The Southern Ocean absorbs a disproportionate share of anthropogenic carbon dioxide and heat. One control on this uptake is stratification at the base of the mixed layer. Stronger stratification inhibits vertical exchange, allowing heat and carbon to accumulate near the surface before being subducted along density surfaces.

Recent research shows that global stratification at this interface has increased over the past five decades. Iceberg melting and lateral mixing has been hypothesized as a contributor to winter water formation. This study provides direct observational evidence that giant icebergs increase stratification at the base of the mixed layer in the Southern Ocean.

It also demonstrates that icebergs modify winter water properties outside of winter—an aseasonal mechanism that could alter the temperature and salinity signatures that persist into the following season.

As West Antarctica continues to lose ice mass, the number of deep-drafted icebergs entering the Southern Ocean will likely increase. Individual icebergs vary in draft, speed, trajectory, and sediment load. The cumulative effect on upper-ocean physics, nutrient supply, and biological productivity remains uncertain.

Climate models do not yet represent iceberg-ocean interactions explicitly, largely because field measurements have been scarce and difficult to obtain. The glider deployment beneath A-68A was unprecedented in its proximity and resolution.

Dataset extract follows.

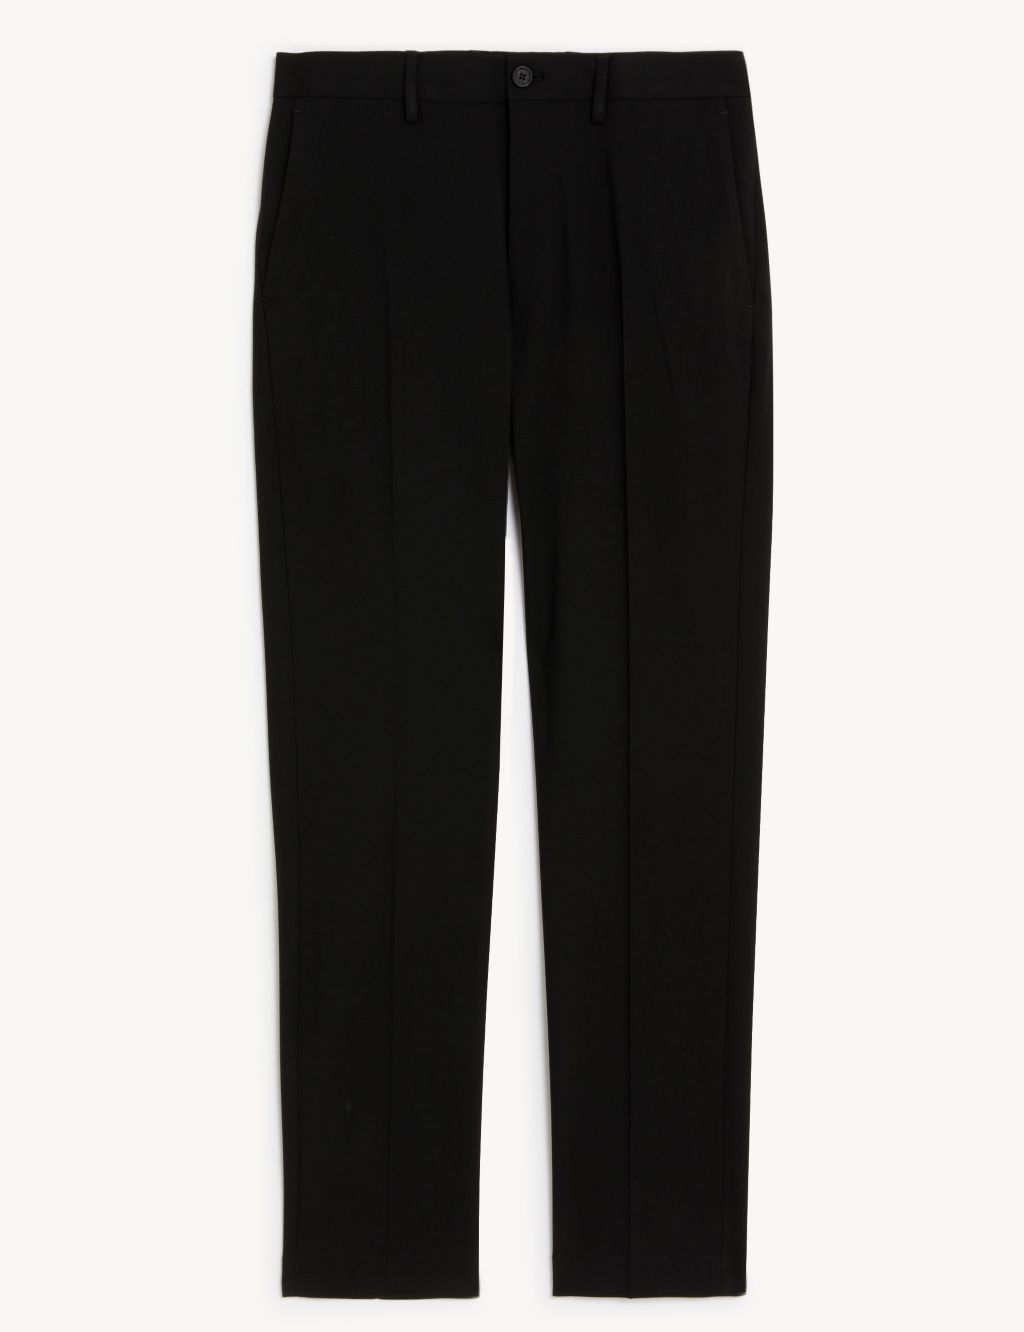 Tailored Fit Flat Front Stretch Trousers image 7

What emerges is a picture of icebergs as agents of vertical exchange—machines that erode density barriers, lift deep water toward light, and leave behind a restructured water column. The fresh cold cap at the surface. The eroded winter layer. The warmer, saltier remnant where stratification reforms.

These changes matter for carbon export, ecosystem function, and the ocean's capacity to buffer climate change. Only through direct observation and improved modeling will their full impact be quantified.

A-68A eventually disintegrated. Its largest fragment, A-68D, is gone. But the ocean it passed through retains the memory of that passage—at least until the next winter's freeze rewrites the structure once again.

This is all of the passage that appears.